In her words, “I began to hear my own whisper on what I was to do to not only heal myself, but to connect with my friends (via a Spiritual Medium I have had in my life for the past 7 years). I have embraced all that has crossed my path as a learning experience. And, my intuition has yet to fail me. The only times I have let myself down, are the times I did not listen to it, but again, I am learning.” 

She has learned that she is her best advocate.

She described, “I believe we can heal ourselves from perceived labels and assumed setbacks. My mission is to share this with others because if I have been able to do this for myself, I know others can do it too. Our thoughts and our mind are way more powerful than most believe. If the little voice in your head, that only you will ever know intimately, is not being nice to you, then how is your body supposed to heal? Healing starts with self-love and acceptance; understanding that a label does not define someone, it is only a small part of them. I am not MS, but I do let MS fuel me. I learned how to get along with it, instead of fighting it. I learned to love all of myself. This did not happen overnight, it took work, but that is just it; so many want a quick fix, a pill, something to make us better, but we must start by looking in the mirror and making a choice to help ourselves. But, I also believe in the power of support verses sympathy. This is how my passion for Turning Strangers into Friends surfaced. I have met some of my best friends as a result of MS. These are the unlikely friends, the ones that we don’t expect to have in our life, but once we do, we can’t imagine living without them. We are all connected, this I truly believe. It is one of my additional gifts to see how all of these dots are connected and I try to share this gift with others, too.” 

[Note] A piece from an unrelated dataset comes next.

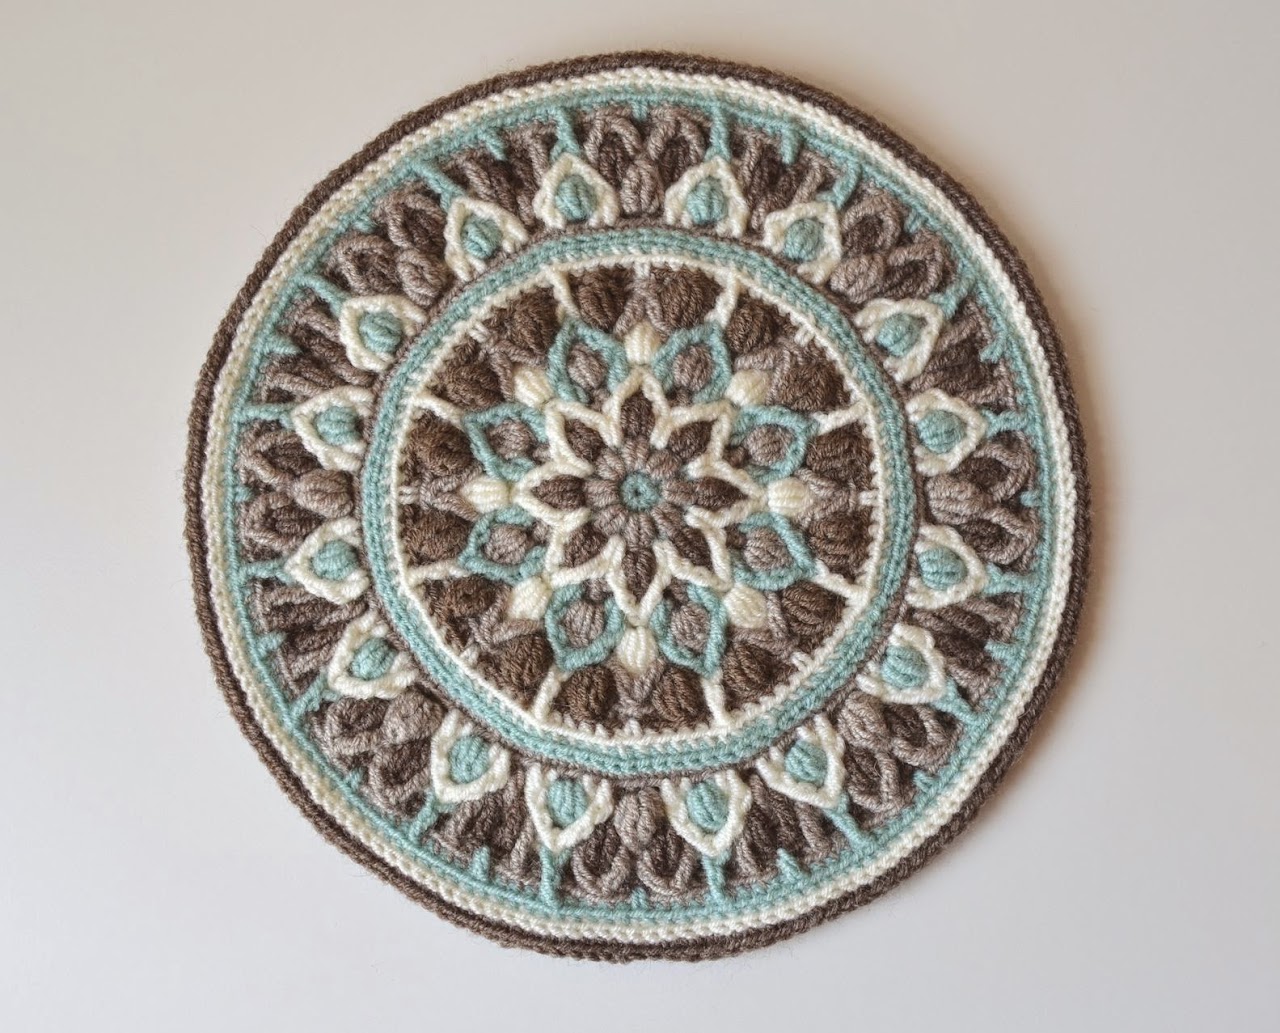 Mint Coffee Mandala potholder by Lilla Bjorn - overlay crochet

The answer to healing is within.

Carlyn explained,I credit my 'why not' vs 'what if' mentality and my ability to follow my intuition as being key to my healing process. I was so young to experience what I did. Sure I am fortunate to have been raised by supportive parents, but even they did not know how to handle all that happened to me. I made the choice to not allow it to get the best of me; to celebrate life in honor of my friends and the fact that I could walk. Even when I lost my teeth, I never once thought to hide my face, but rather to have fun with the fact I was a pretty girl with a crooked grin...I never let my accident steal my smile. I don’t know where this power came from in me, why I have always been programs to overcome the obstacles along my path, but I don't know any other way to live. For me, it takes more energy to be negative because it comes natural to be positive. I am blessed to be as optimistic as I am. My MS Walk team (* a 3-day, 50 mile walk I did for 4 years) I named, Team OptMiStic.”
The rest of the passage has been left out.